▸ **PROVIDED MATERIAL**:
■ ■ ■ ■ ■ ■ ■
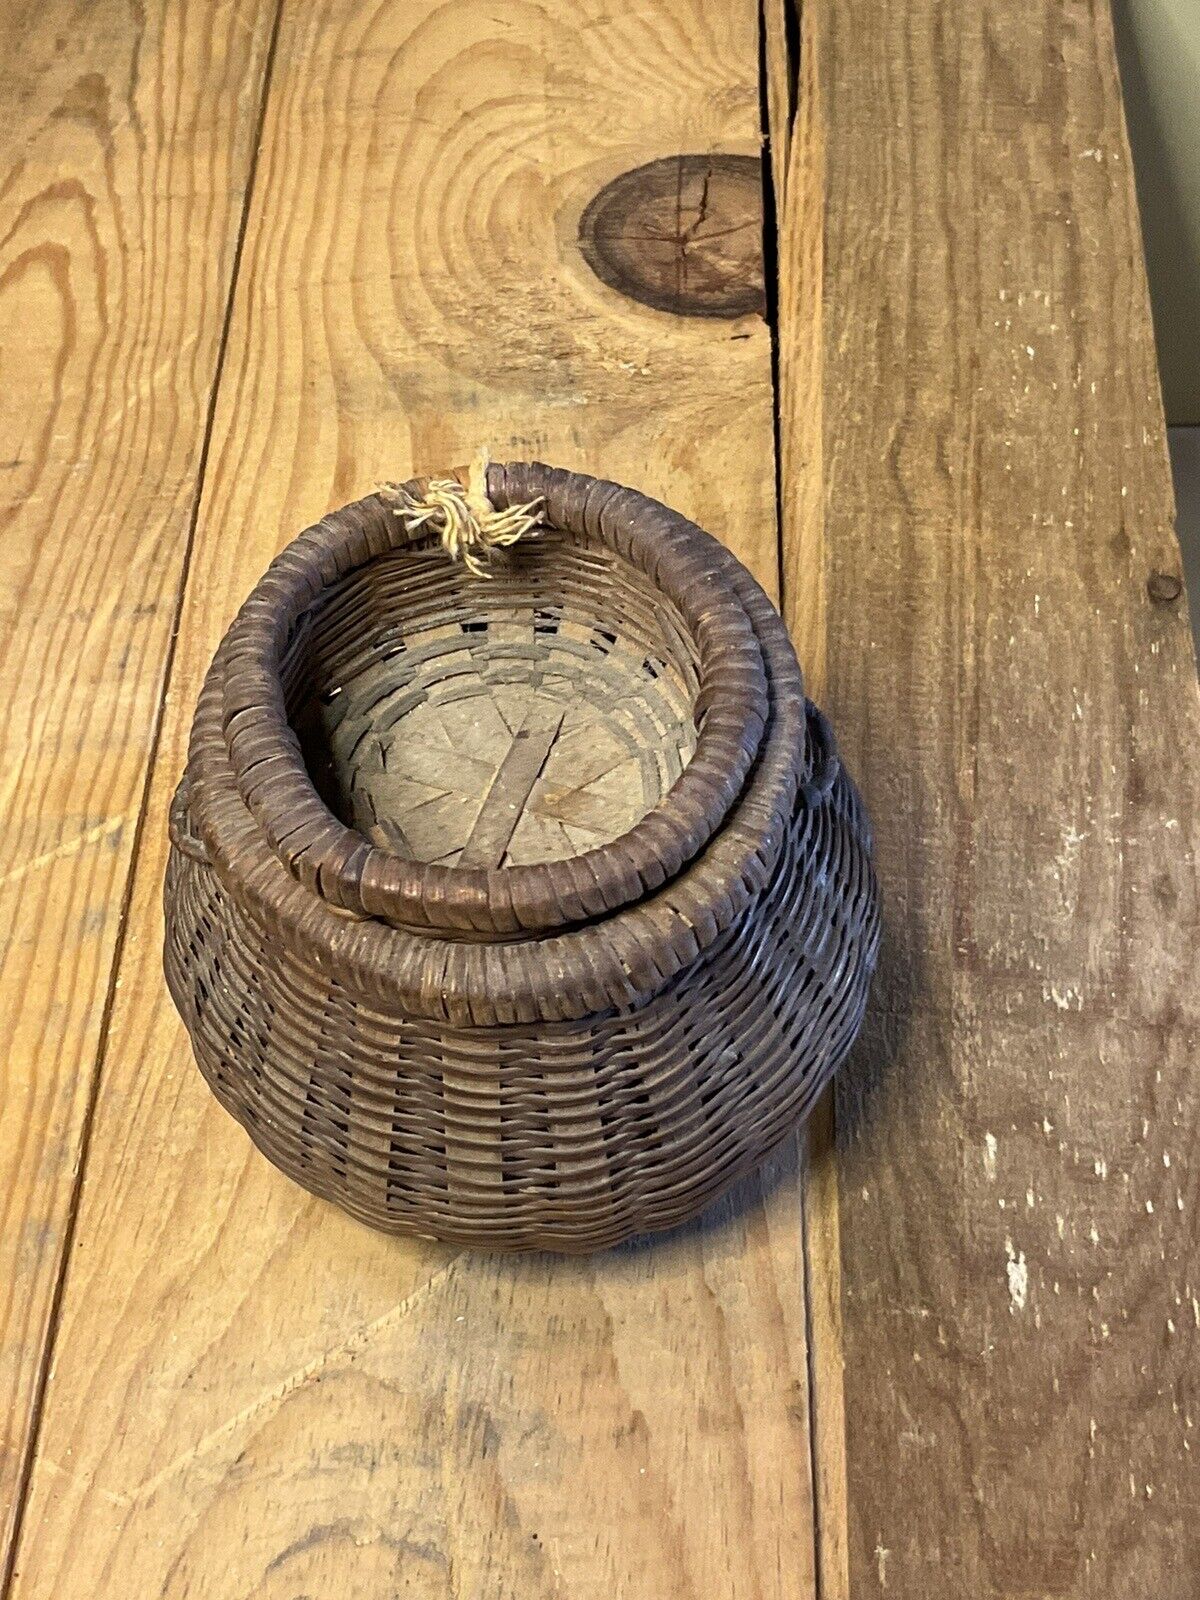 A RARE tiny antique woven splint miniature basket. American origin circa 1900
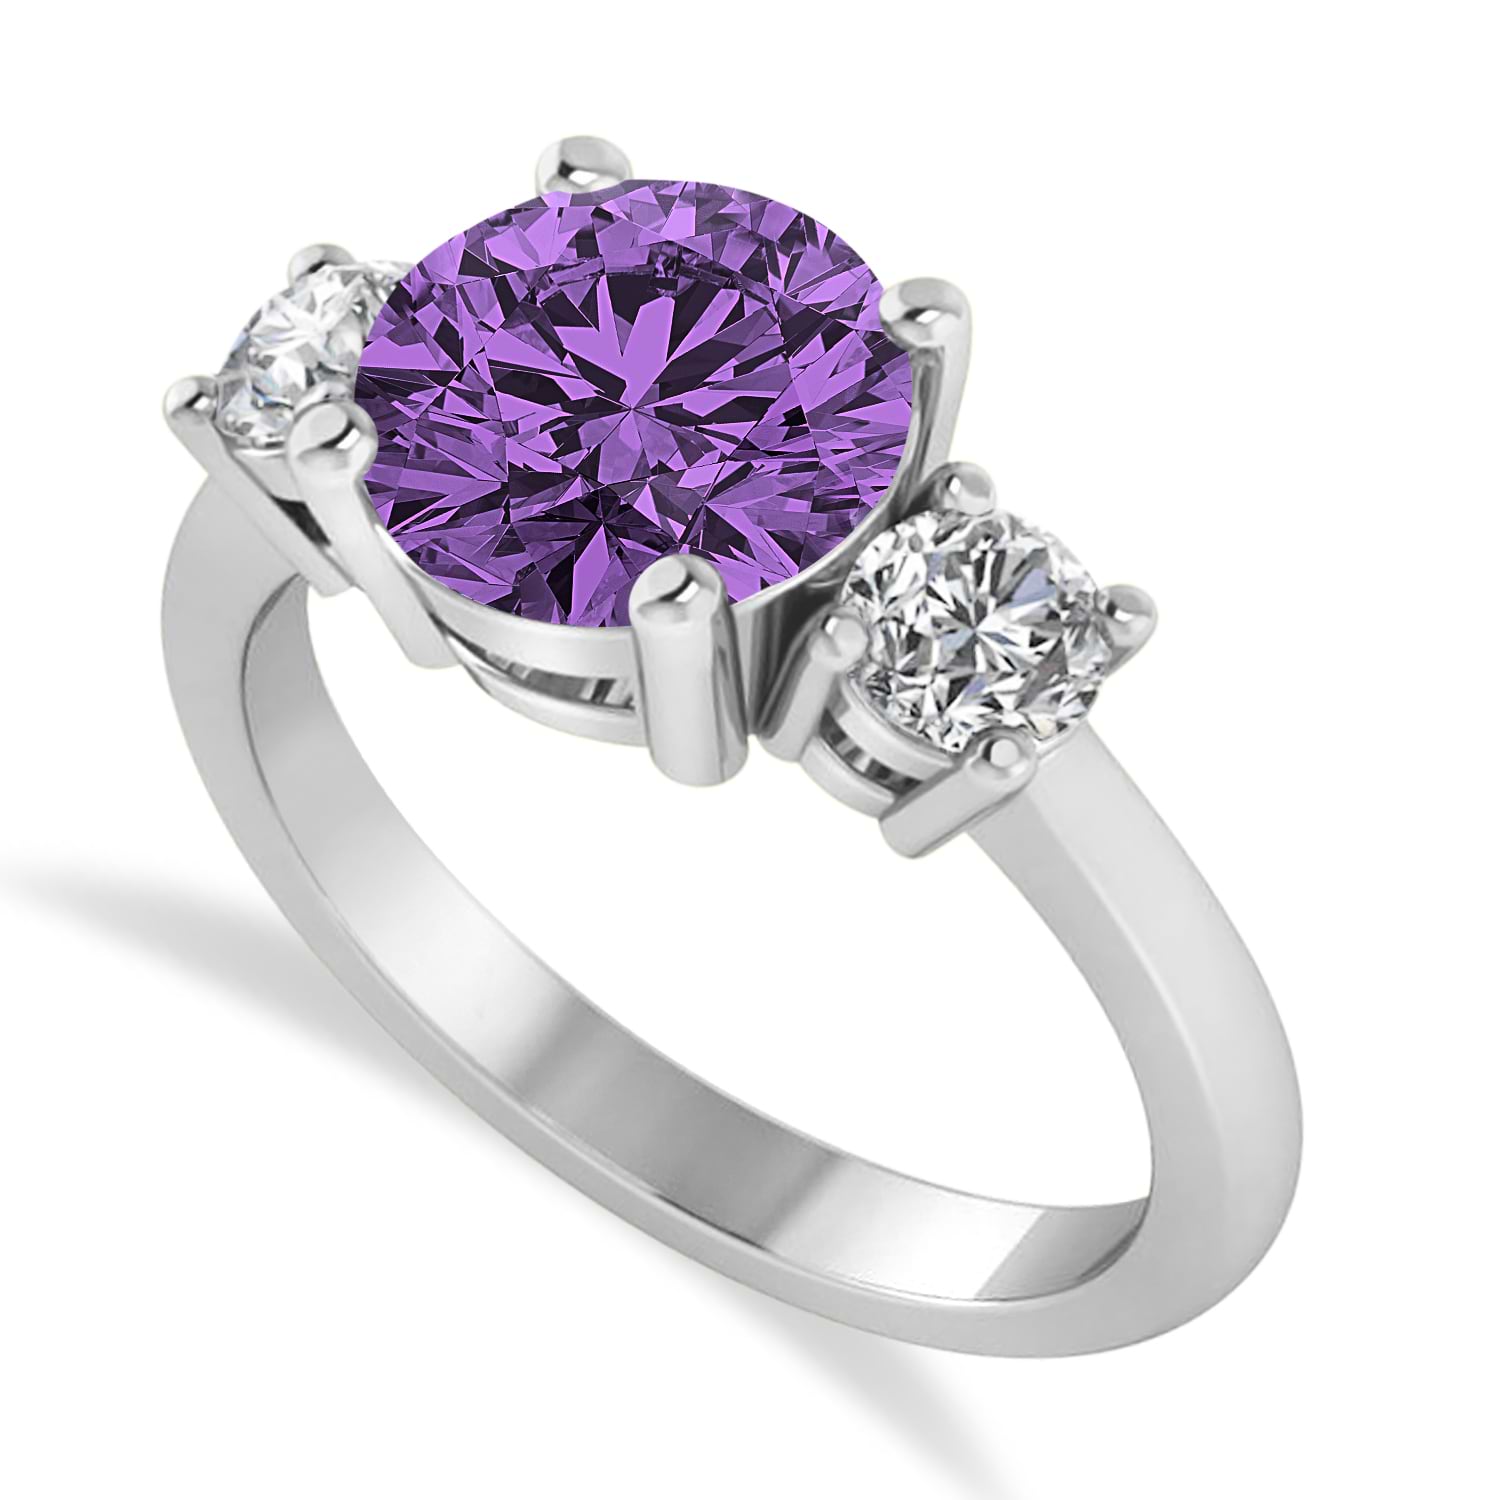 Amethyst Engagement Rings | CustomMade.com
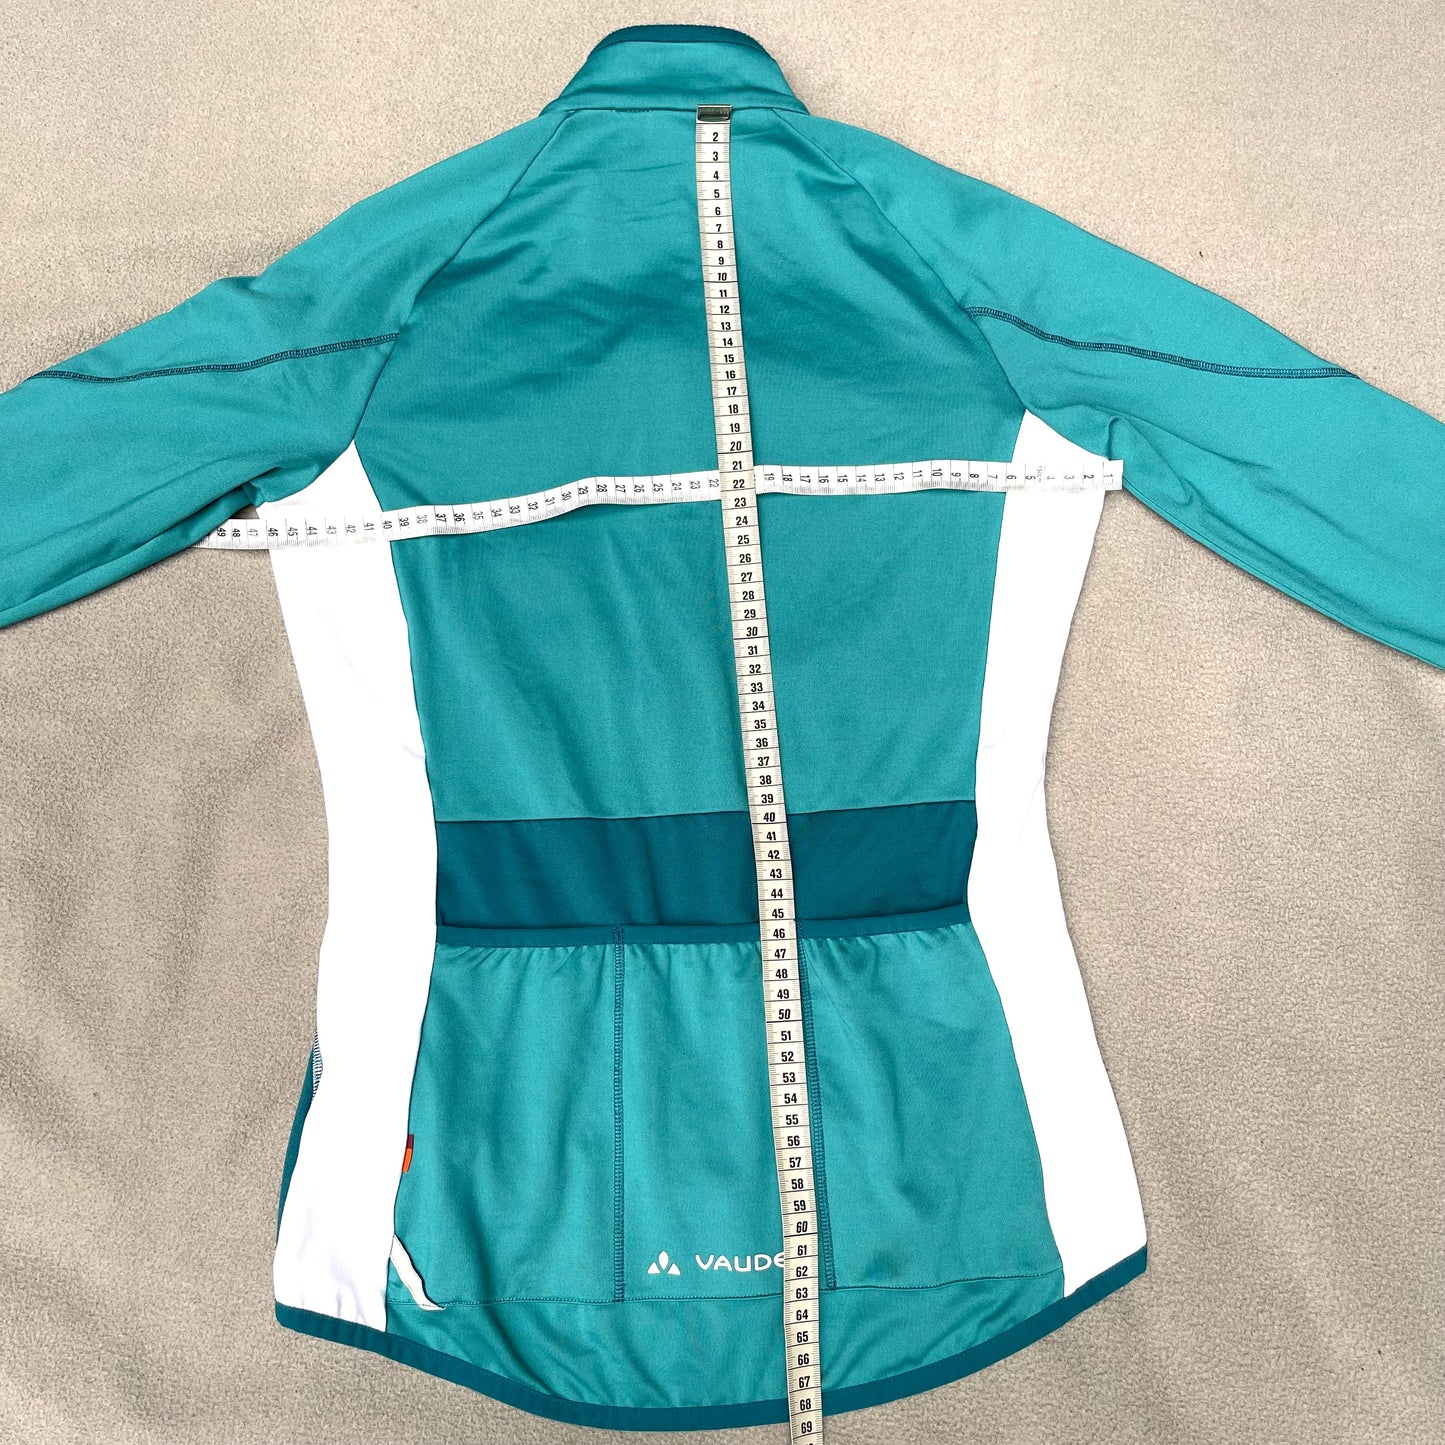 Vaude Fahrrad-Jacke Damen S Fleece inside türkis-weiß
■ ■ ■ ■ ■ ■ ■
▸ **TO DO**: Once the pictures are removed, print all the remaining data exactly as it stands.

▸ **ANSWER SPACE**:
 A RARE tiny antique woven splint miniature basket. American origin circa 1900
 Amethyst Engagement Rings | CustomMade.com
 Vaude Fahrrad-Jacke Damen S Fleece inside türkis-weiß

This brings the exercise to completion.